__EXERCISE OBJECTIVE__
The lines to reproduce from the material below are those from the one containing "Manfaat Bersepeda Bagi" through the one containing "وقفة احتجاجية تطالب", both included; write them out exactly and add nothing.

__EXTRACTED MATERIAL__
[Start of section]

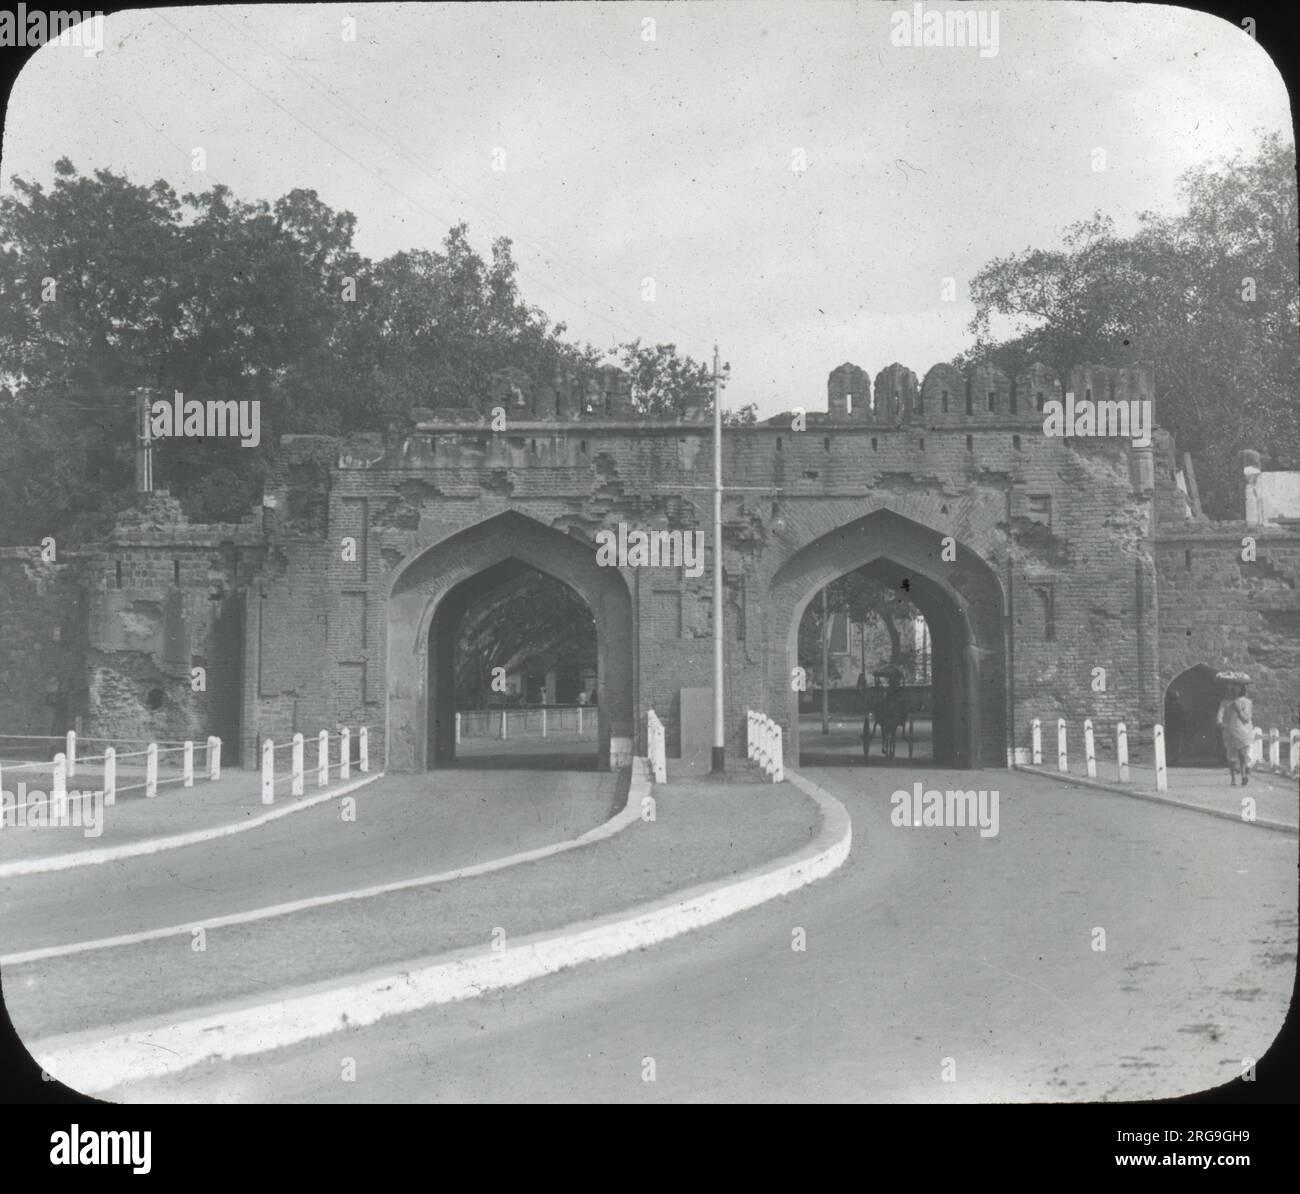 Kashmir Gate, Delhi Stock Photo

[End of section]
[Start of section]

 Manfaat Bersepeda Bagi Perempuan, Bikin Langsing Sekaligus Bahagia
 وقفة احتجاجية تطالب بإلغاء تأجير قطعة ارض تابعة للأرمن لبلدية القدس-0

[End of section]

__PROBLEM SOLUTION__
 Manfaat Bersepeda Bagi Perempuan, Bikin Langsing Sekaligus Bahagia
 وقفة احتجاجية تطالب بإلغاء تأجير قطعة ارض تابعة للأرمن لبلدية القدس-0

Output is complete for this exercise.